Task requirements: For this exercise, output the entries below exactly from the line that holds "Гдз 5 класс" to the line that holds "Charisma Relaxed Fit", both ends included. No pictures belong in the copy.

Supplied information:
- - - -

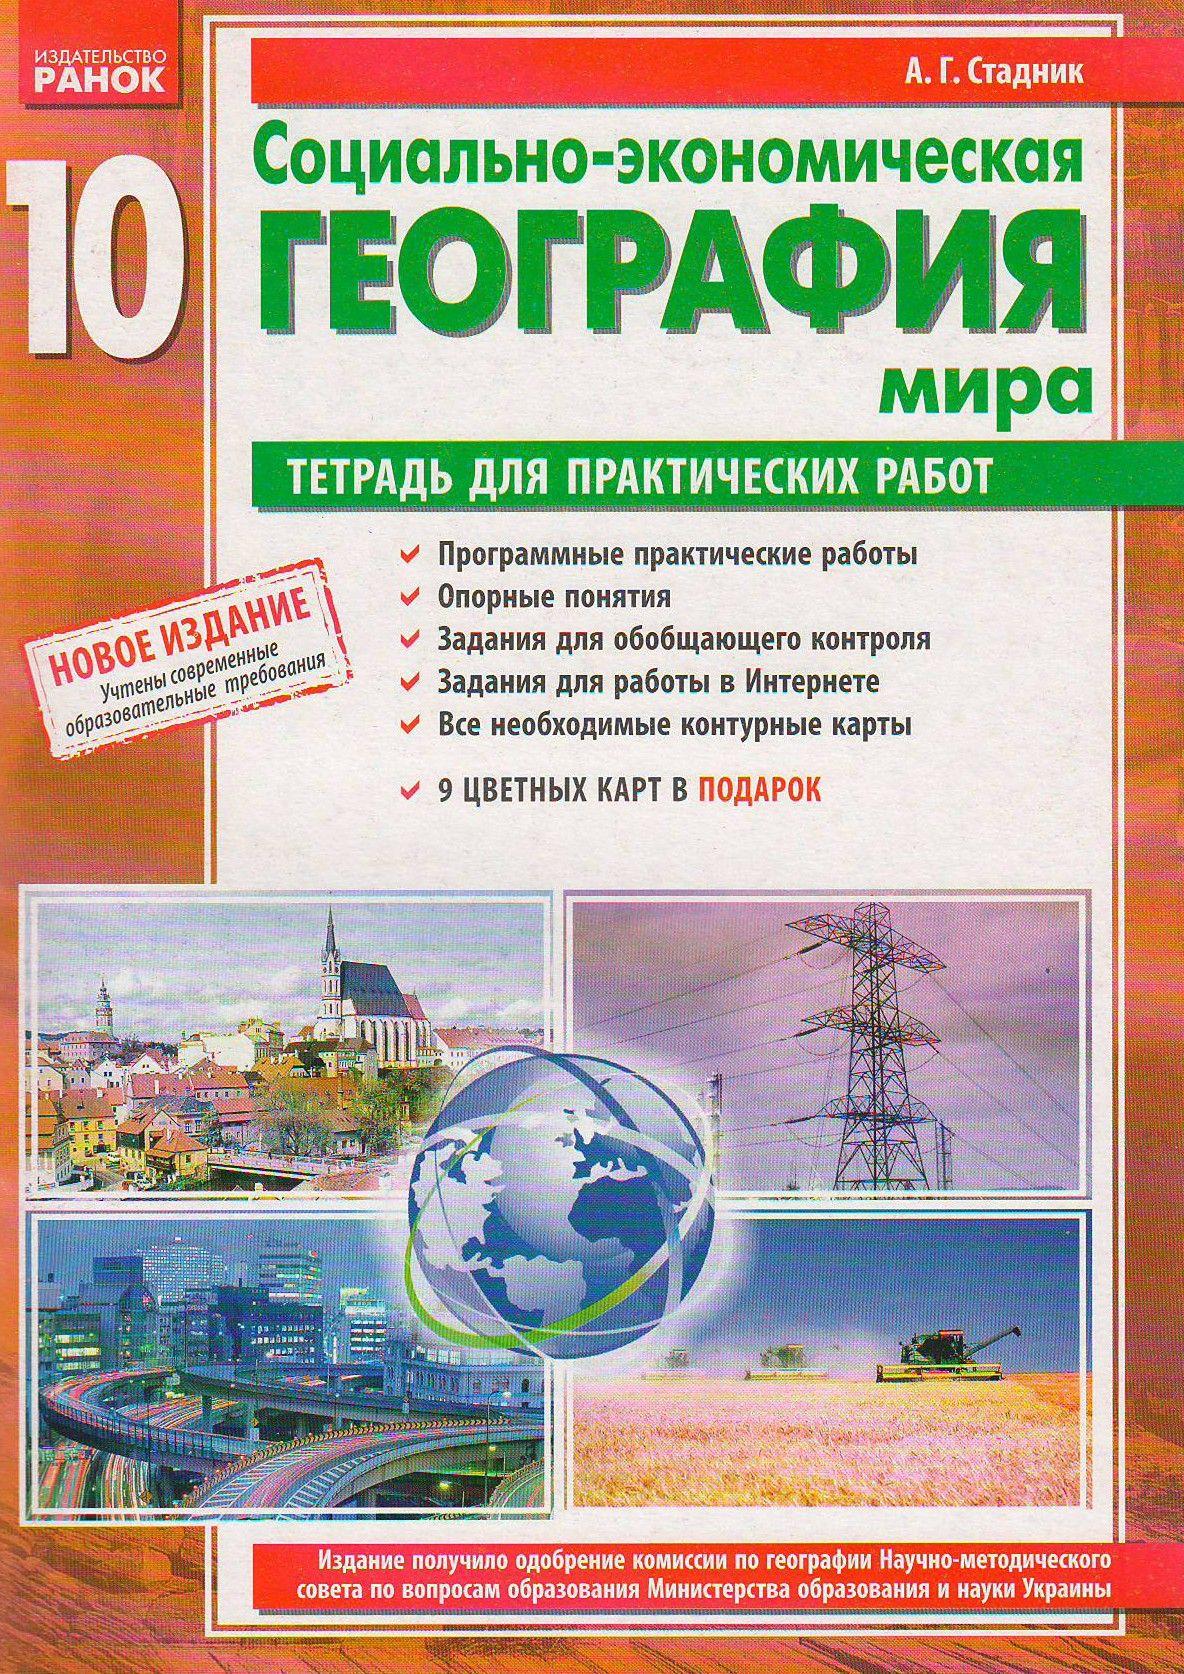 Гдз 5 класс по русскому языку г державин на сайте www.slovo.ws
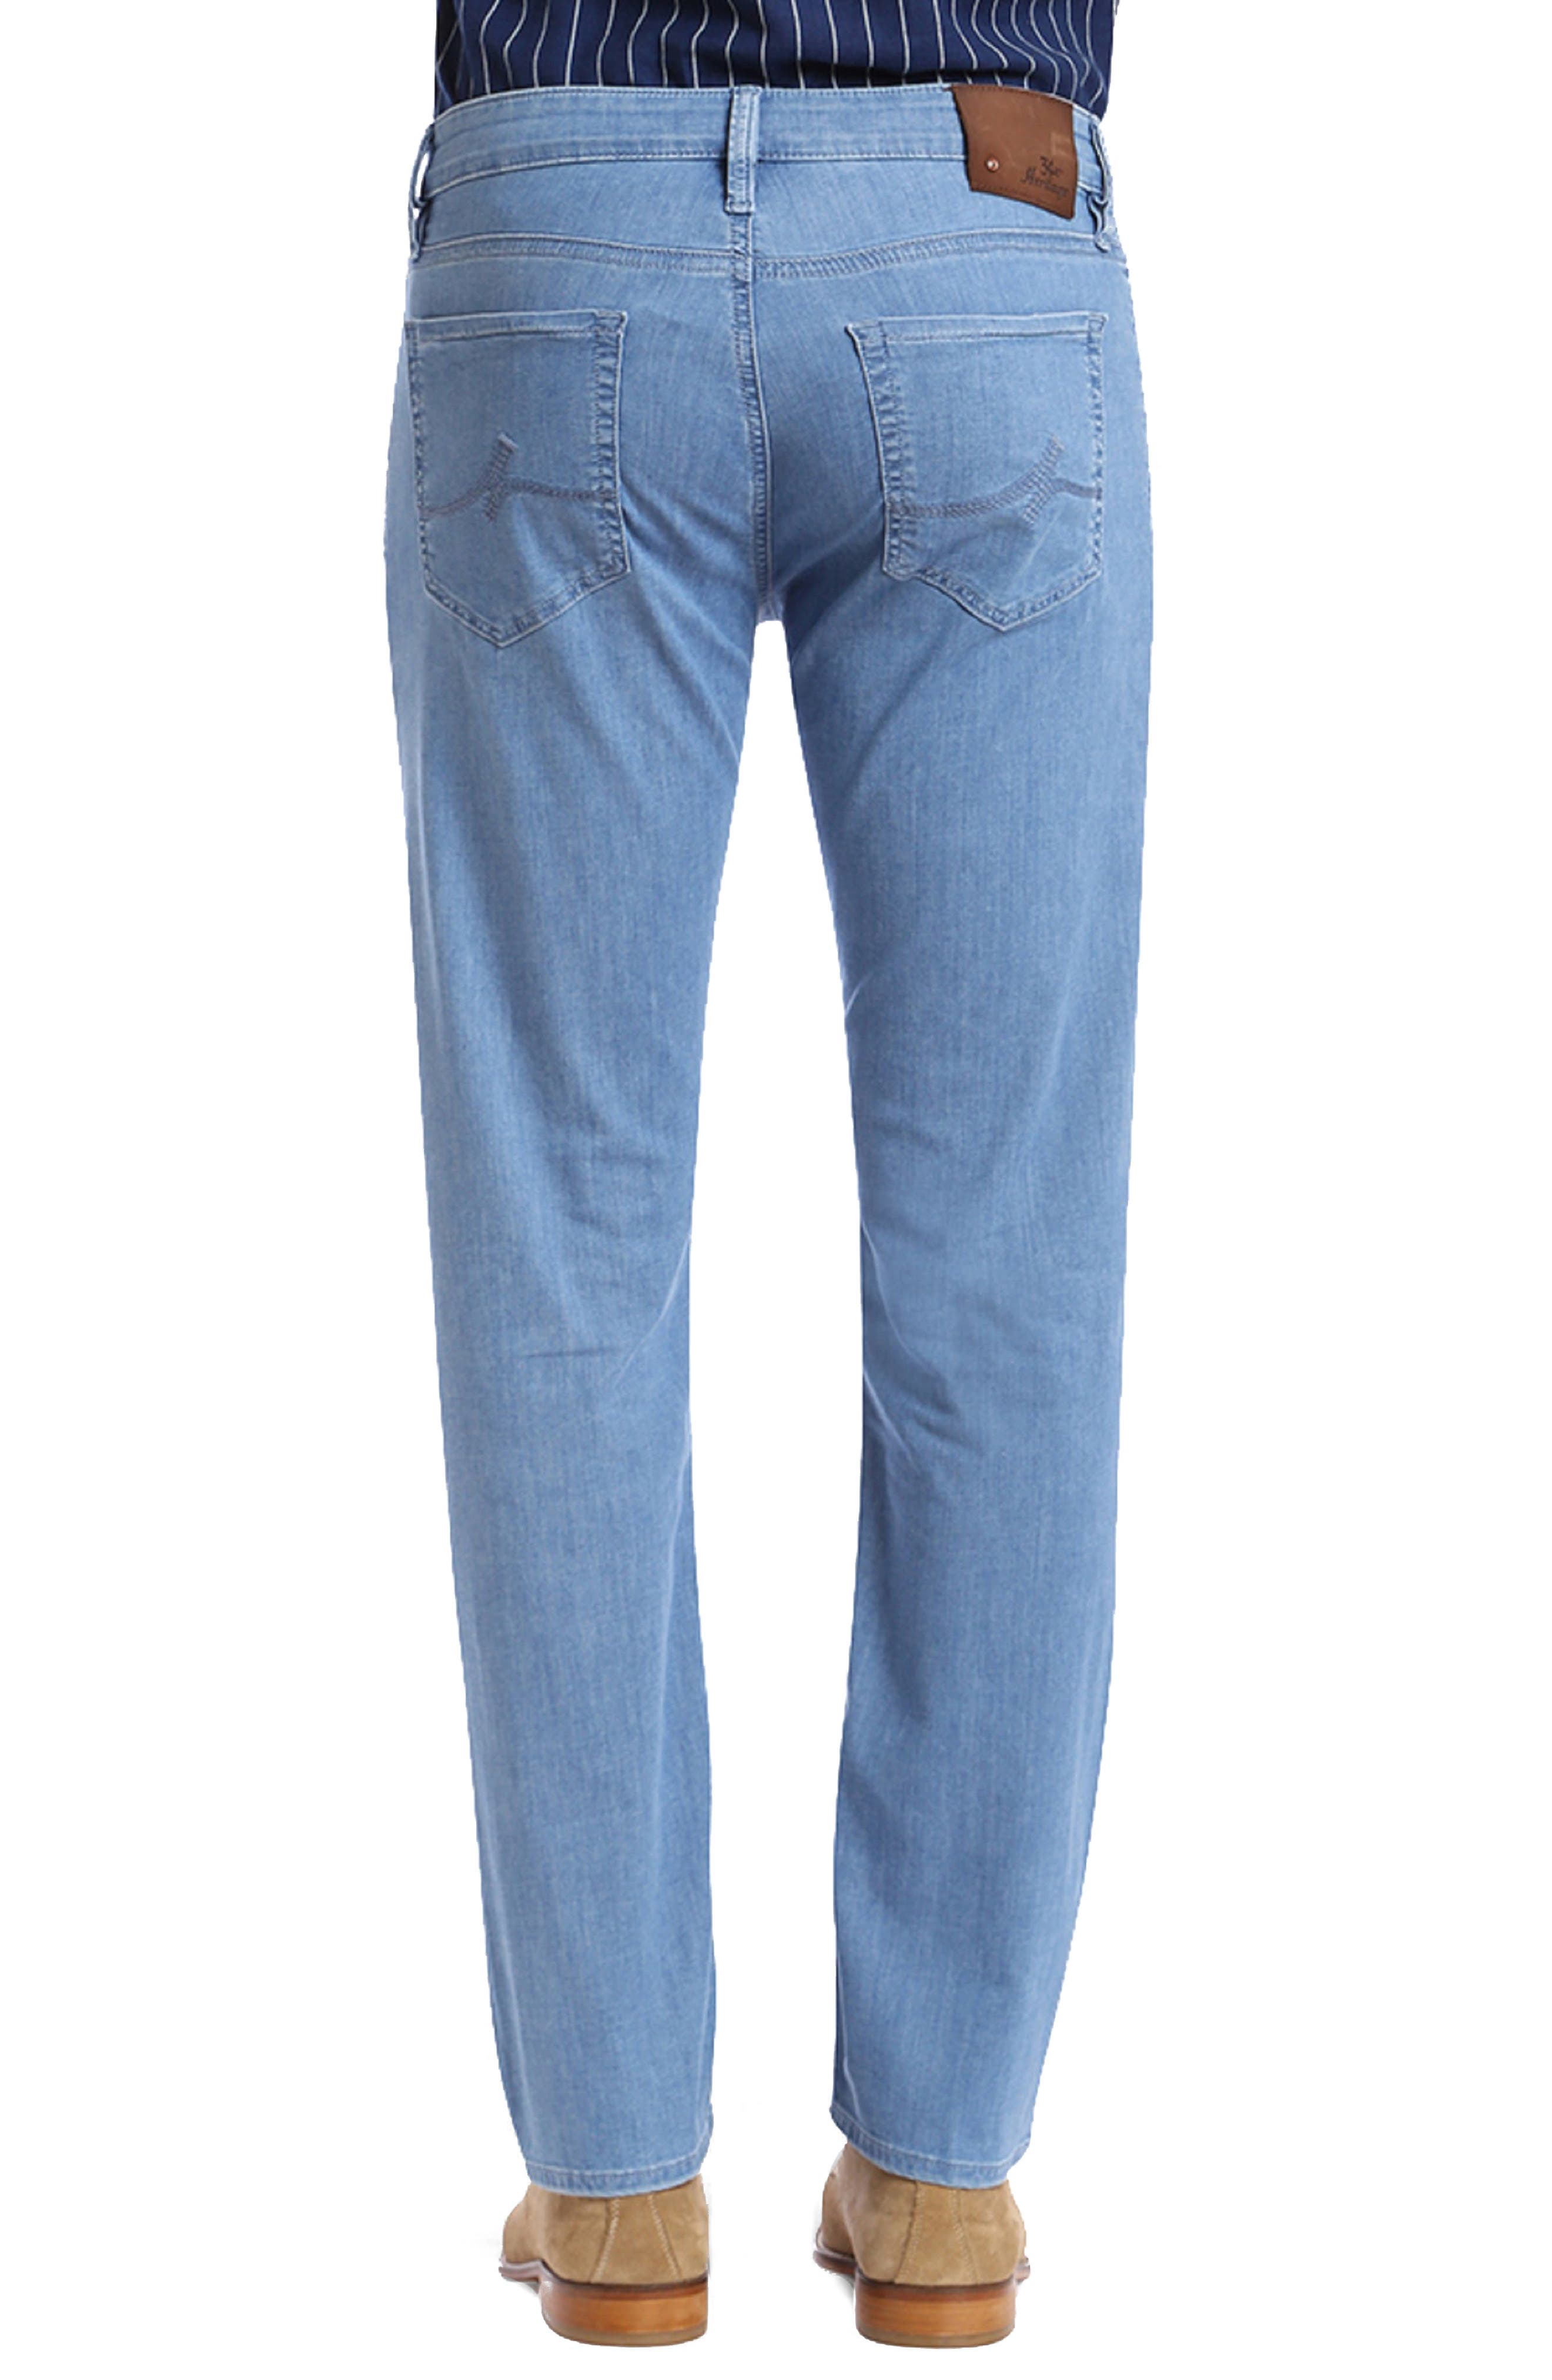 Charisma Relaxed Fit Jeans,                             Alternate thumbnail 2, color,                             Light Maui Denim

- - - -

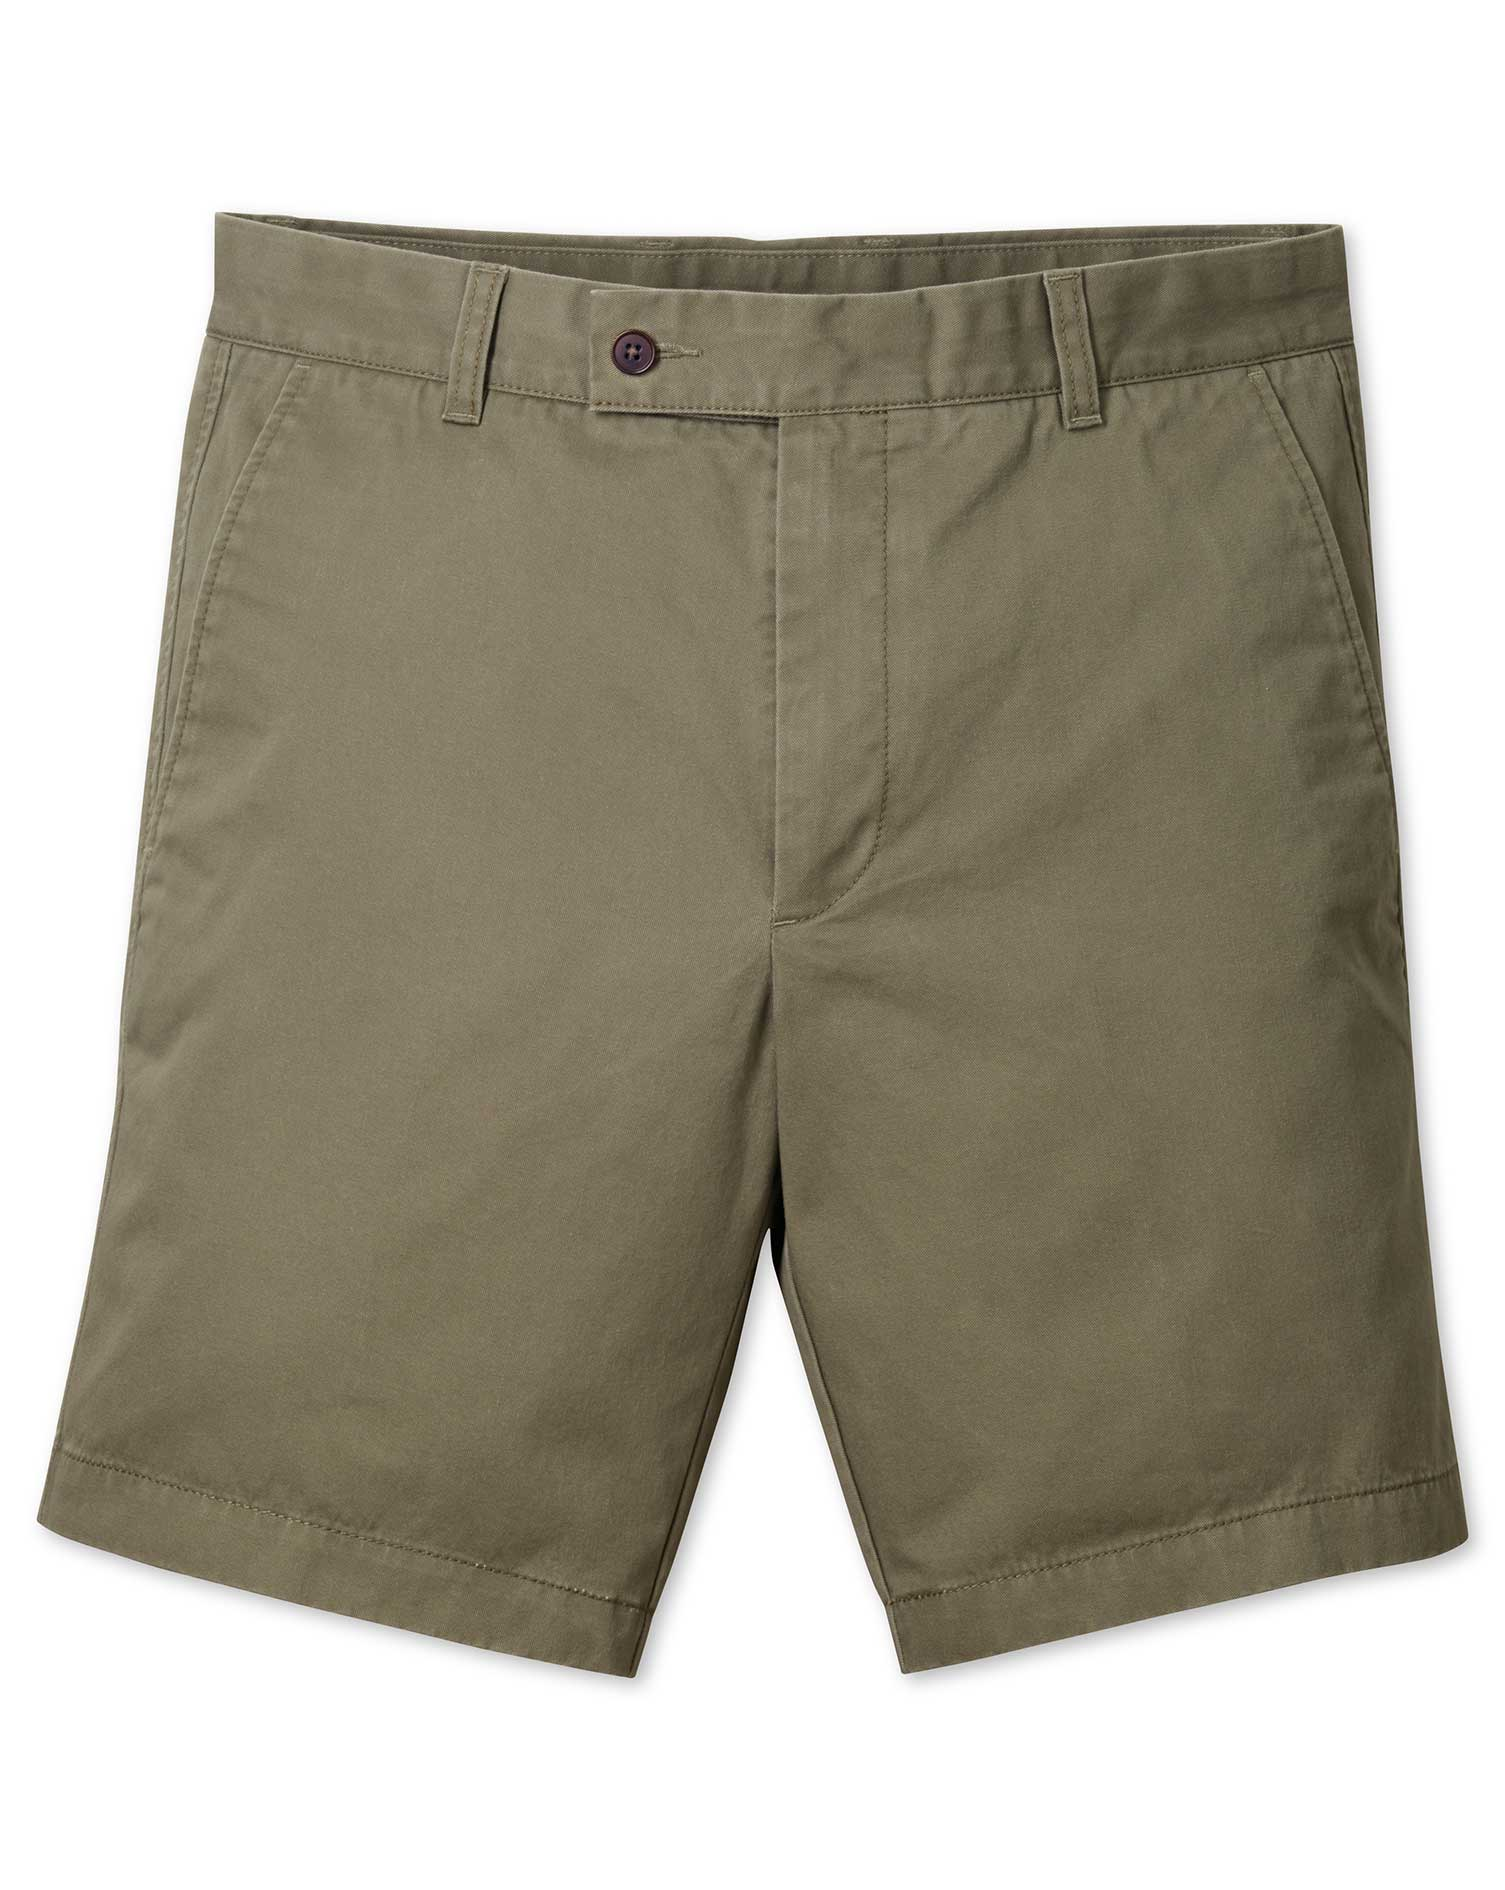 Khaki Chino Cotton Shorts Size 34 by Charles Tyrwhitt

- - - -

Answer to the problem:
 Гдз 5 класс по русскому языку г державин на сайте www.slovo.ws
 Charisma Relaxed Fit Jeans,                             Alternate thumbnail 2, color,                             Light Maui Denim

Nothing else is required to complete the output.